Com o confinamento ficamos novamente parados (neo-sedentarismo), por hétero ou auto-petrificação. E se os encontros telemáticos parecem mitigar o isolamento, na verdade desvalorizam, inibem até, a já pouca motivação individual para uma mais rápida reativação dos encontros presenciais.

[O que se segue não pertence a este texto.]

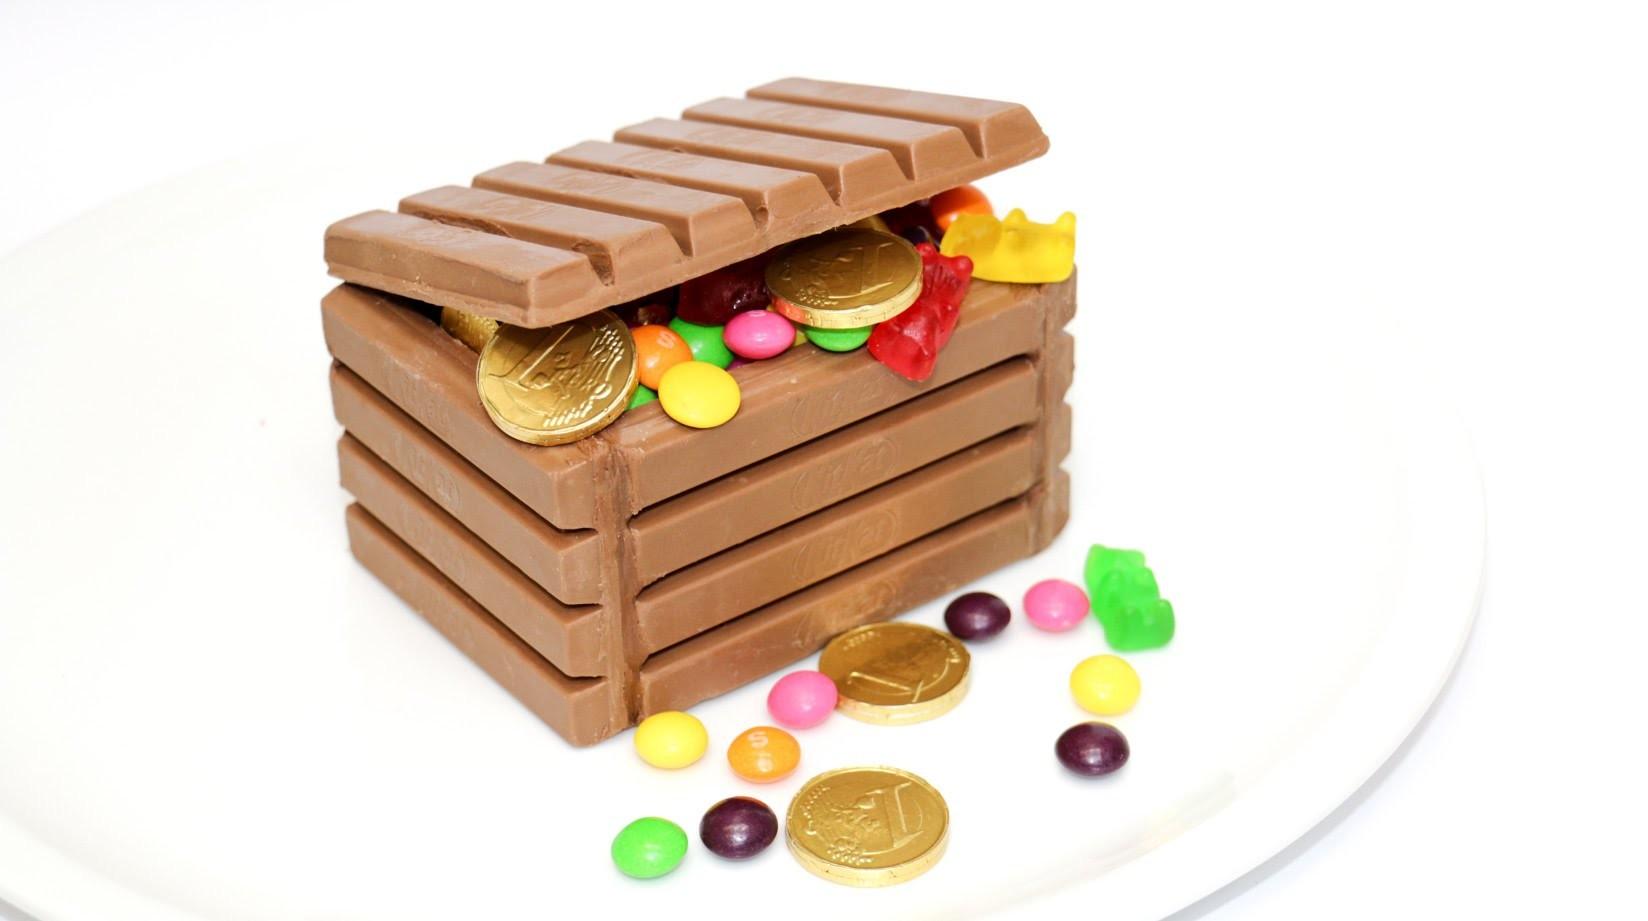 DIY - KIT KAT Chocolate Candy Chest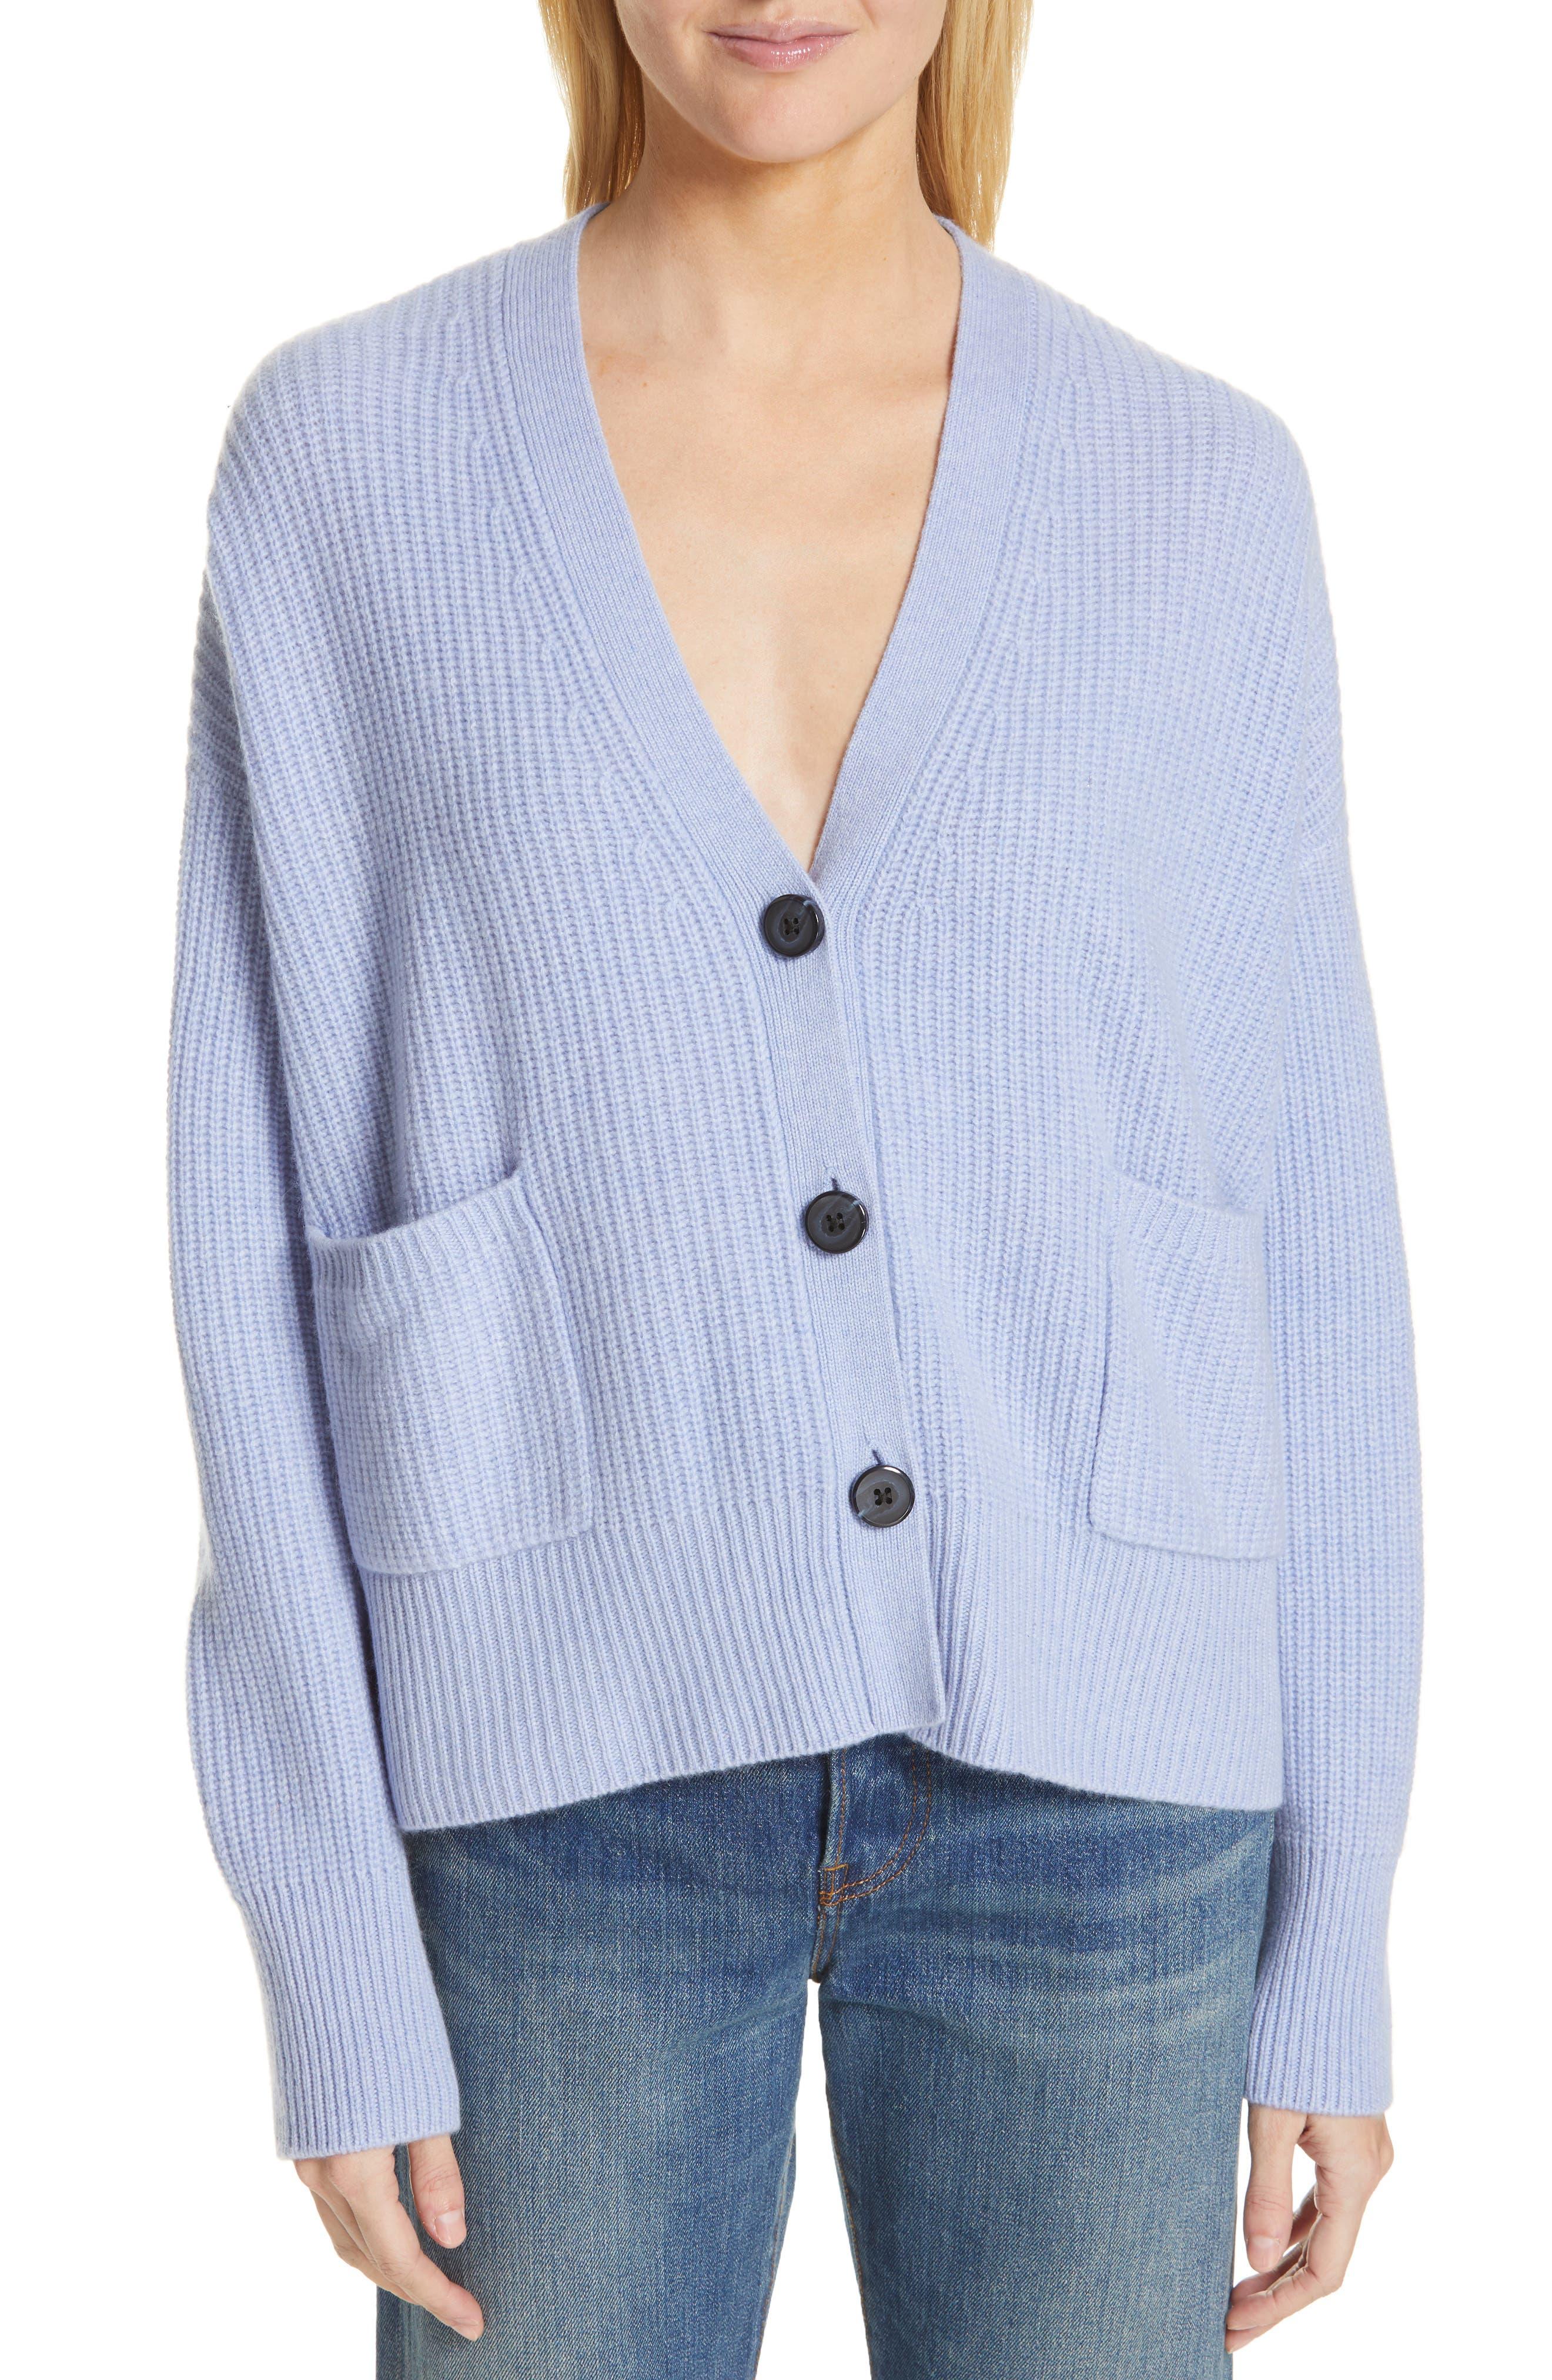 NORDSTROM SIGNATURE, Cashmere Pocket Cardigan, Main thumbnail 1, color, BLUE LUSTRE HEATHER

Espero, contudo, que a reconversão da obsessão por outros lugares, alimentada pela diminuição drástica do preço das viagens de avião, origine novas formas de deambular: dentro de nós, em auto-descoberta (“conhece-te a ti mesmo”, como queriam, não sem ambiguidades, e ao contrário dos salvíficos livros de auto-ajuda, Apolo e Sócrates), deslocando a motivação heteropática do exterior para o interior. Até porque ocupamos mais hábitos do que territórios. Creio que assim se poderá esclarecer um pouco melhor o que somos, pela dupla via da inclusão e da exclusão, um escrutínio de si que separe águas.

É que “alargar horizontes” (tremendo cliché que deve ser lido com cuidado) é tanto acolher novas experiências quanto evitar repetições estéreis ou insignificantes.